Jul 172016
 

Naperville city officials live by the ‘Golden Rule’; he who has the gold makes the rules. The City of Naperville has the gold in the form of tax dollars, and ordinances, so it’s not often that the Naperville city council gets snookered. It happened last month when a townhome development was approved 7-1 by the council. The lone ‘no’ vote was caste by councilwoman Rebecca Obarski. Council member Patty Gustin was not present for the vote.

The original 30-townhome project, which residents fought against, was proposed by Oak Creek Partners, and presented by local attorney Len Monson. Ultimately the project was compromised down to 22 units. Residents were more than concerned that a development of that size would be too dense for the residential area and drastically change the overall peacefulness of the neighborhood. What was not known by residents, and supposedly council members, at the time of the vote was that Oak Creek Partners had plans to buy a piece of land directly across the street and build an additional six units, bringing the total to 28.

The parcel of land was zoned for town-homes and didn’t require approval from the council. Local attorney Len Monson representing Oak Creek Partners wasn’t legally required to disclose the additional information to residents or the council. It was Monson’s job to get approval for the 22-unit project, and that’s exactly what he did. It was the Naperville city council’s job to know exactly what they were voting for, and apparently they didn’t.

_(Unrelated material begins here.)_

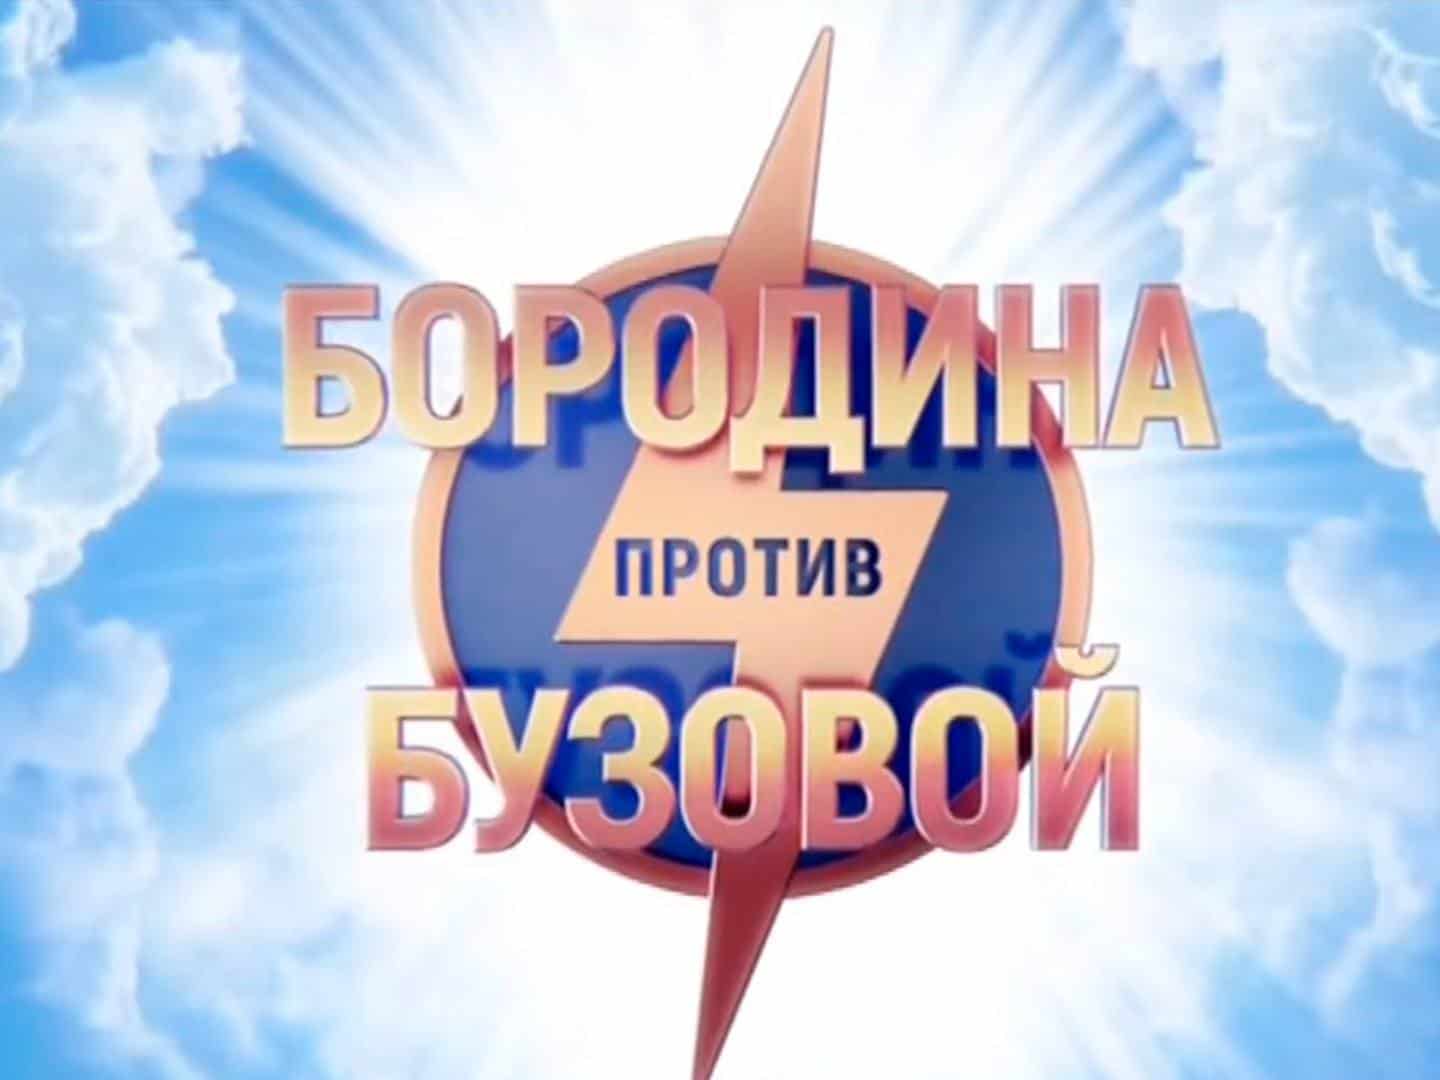 Бородина-против-Бузовой-258-серия

I say ‘apparent’ because if they did know about the additional 6 units, it would have been more difficult for them to approve the 22 unit project. Maybe they didn’t want to make it more difficult for themselves because rather than having some residents upset with the council, they would have had many residents very upset with the council. It’s also possible that the council would have approved the 22-unit development even with the additional information.

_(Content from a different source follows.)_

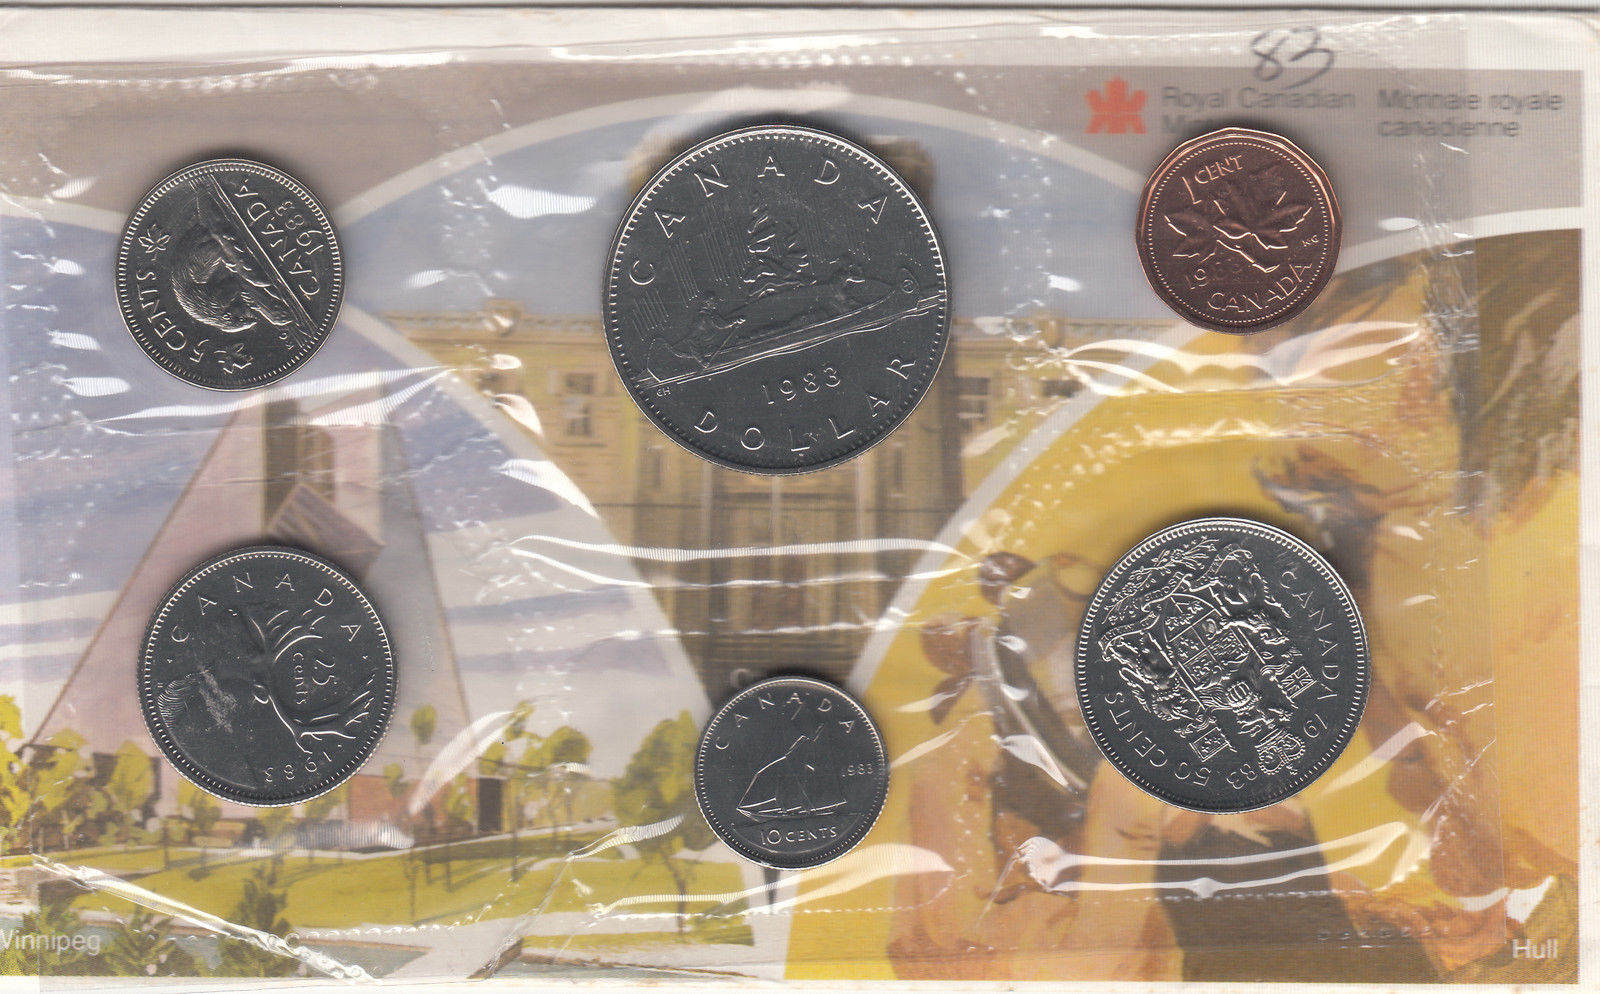 1983 Canadian Specimen Coin Set

City staff could have helped the council by providing that additional information. By not doing so, they set-up the council to look foolish. If city staff did provide that information to council members, then in a sense the Naperville city council was involved in a cover-up against residents by approving the 22 unit project. Either way, it doesn’t make the Naperville city council look good. They are either a bit incompetent, or a bit ‘looking-the-other-way’, neither of which are characteristics of strong leadership.

Two things are for certain. 1) local attorney Len Monson outsmarted the Naperville city council. 2) sooner or later he will appear again in front of the city council seeking approval for another project. That could be interesting.

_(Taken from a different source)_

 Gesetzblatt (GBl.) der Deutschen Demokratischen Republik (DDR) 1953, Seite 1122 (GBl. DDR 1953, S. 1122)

  3 Responses to “Local Attorney Outsmarts Naperville City Council”

  1. The land on which the additional 6 units are to be built was owned by Little Friends, whose President/CEO is Kristi Landorf. Naperville City Manager Doug Krieger is dating Kristi Landorf.

    But the Mayor, Council and City Staff claim they knew nothing about the additional 6 units. Right.

  2. Residents opposed that project for 11 and 1/2 months. It was extremely disappointing to see a project approved for 22 units actually come in at 28 units. Planning and Zoning voted 7-0 against the project at 29 units. As was noted at the May 17th City Council meeting, there were numerous half-truths and outright false statements made by the developer throughout that process. While presenting 3 story buildings as 2.5 stories was bad enough, omitting 6 units from the project in order to misleadingly present a 28 unit development as 22 is a material misrepresentation. As angry many of the residents are, it would seem as if our City staff and elected officials would be angry as well. To not be upset about this would be to embrace a material misrepresentation as a normal part of the process. So what happens? City staff justifies it, on the basis that the site of the six units now added to the plan are on a lot incorporated and zoned R3. While true, that doesn’t make it any less a part of Bauer Place and does not make the omission of those units from the plans presented any less misleading. To justify this process is nothing short of shameful. This is how an out of town developer gets a project approved in Naperville? The residents deserve better than this. This is just one more example of how City Council views the residents of Naperville.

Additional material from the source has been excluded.